Defense in depth applies to AI systems too. No single guardrail is sufficient — layer your defenses and assume every layer will be bypassed.
Real-World Incidents
When LLM security fails
Bing Chat
Indirect prompt injection via web pages. Researchers embedded hidden instructions in web pages that Bing Chat retrieved and executed, exfiltrating conversation history to attacker-controlled servers.
Samsung
Source code leaked via ChatGPT. Engineers pasted proprietary semiconductor source code into ChatGPT for debugging. The data became part of OpenAI's training pipeline. Samsung subsequently banned internal LLM use.
Chevrolet
Dealership chatbot jailbroken. Users convinced a Chevrolet dealer's ChatGPT-powered bot to agree to sell a Tahoe for $1 and to recommend competitor vehicles.
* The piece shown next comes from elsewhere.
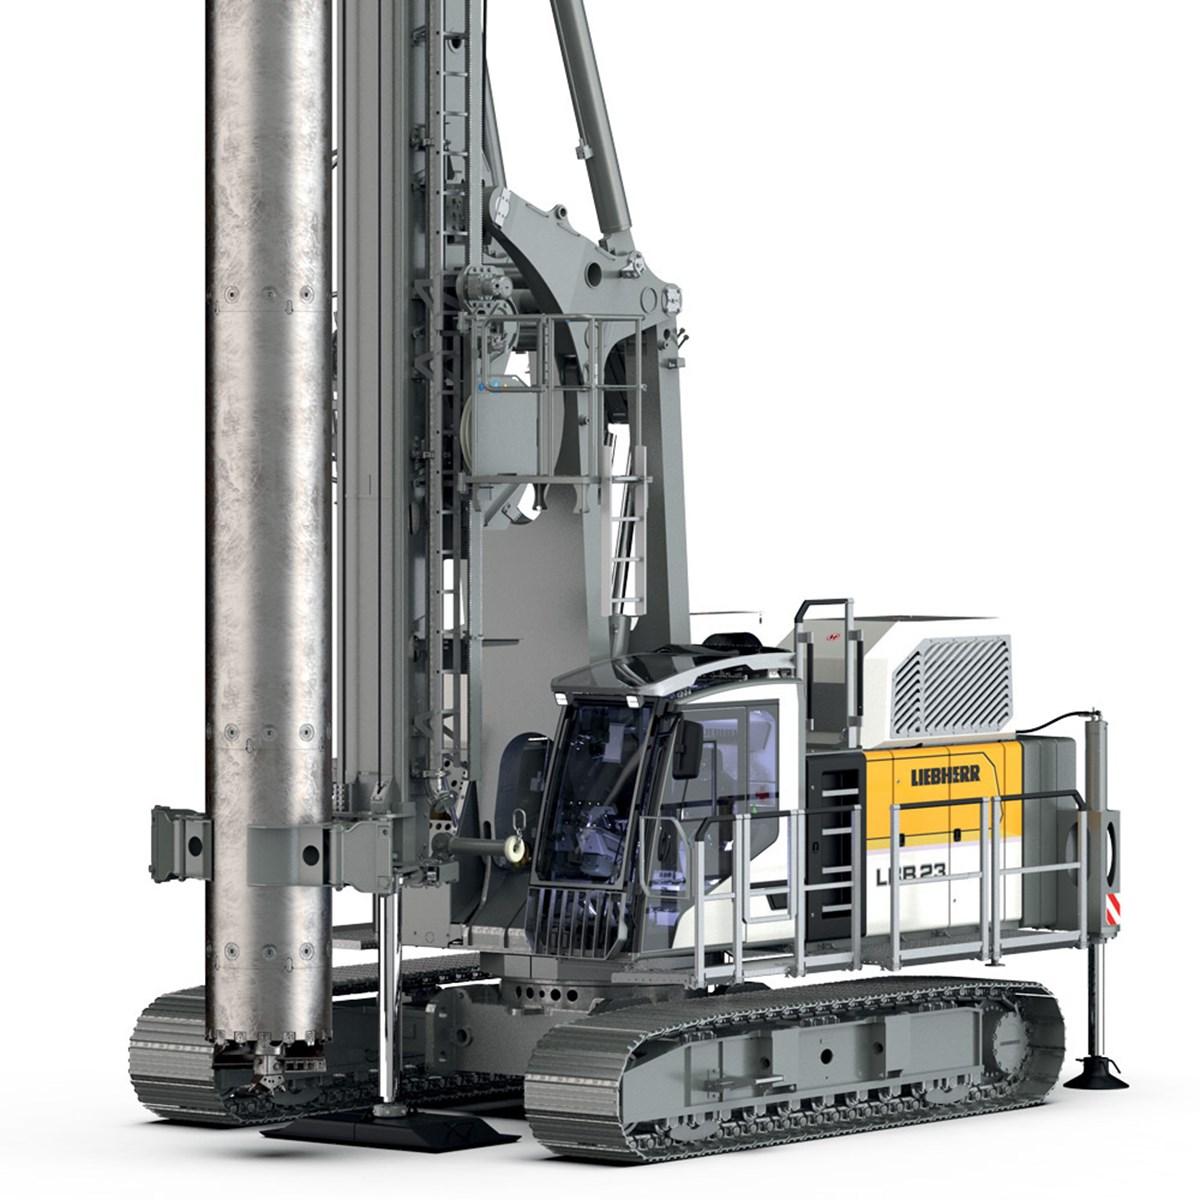 liebherr-lrb-23-piling-and-drilling-rig-ramm-und-bohrgeraet-dba-titel-new-de-1.jpg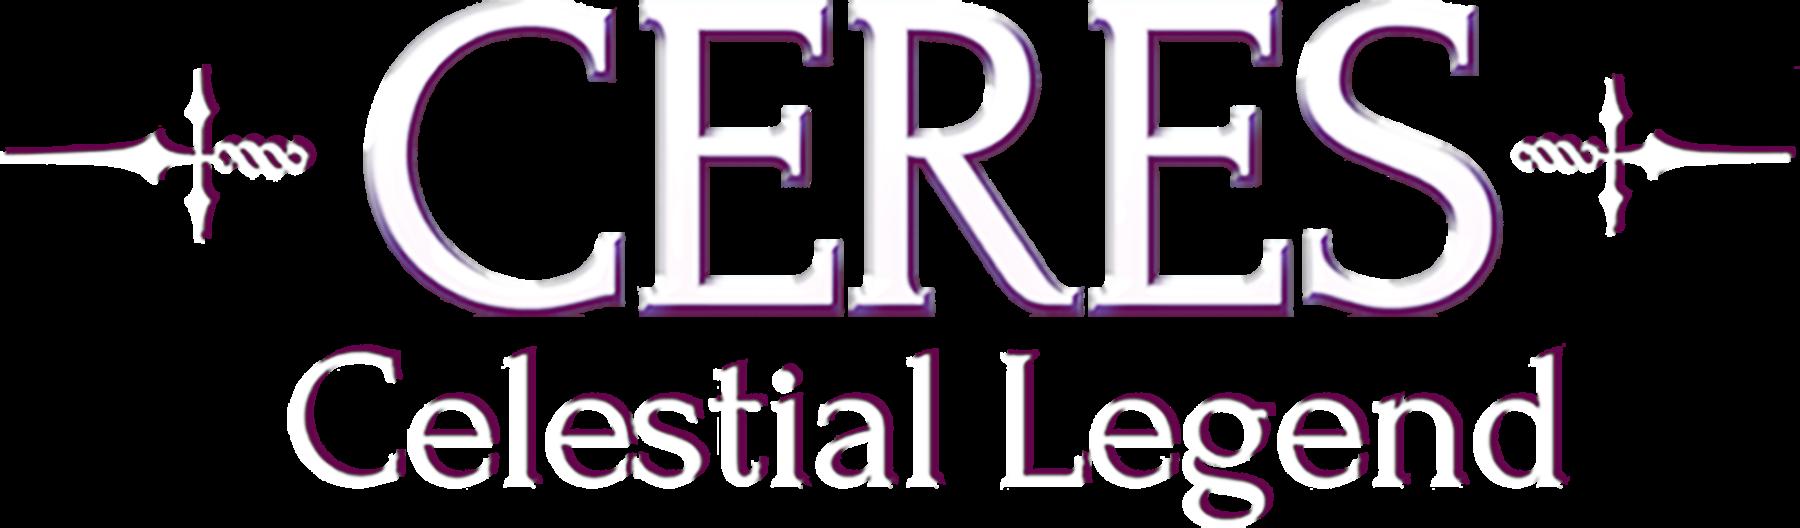 Ceres: Celestial Legend

The "binding agreement" went viral.
Air Canada
Chatbot hallucinated refund policy. An AI chatbot fabricated a bereavement fare discount that didn't exist. A tribunal ruled Air Canada liable for the hallucinated policy, setting legal precedent for AI-generated commitments.
Key lesson
Every incident above was predictable and preventable. The common thread: organizations deployed LLMs without threat modeling the AI-specific attack surface.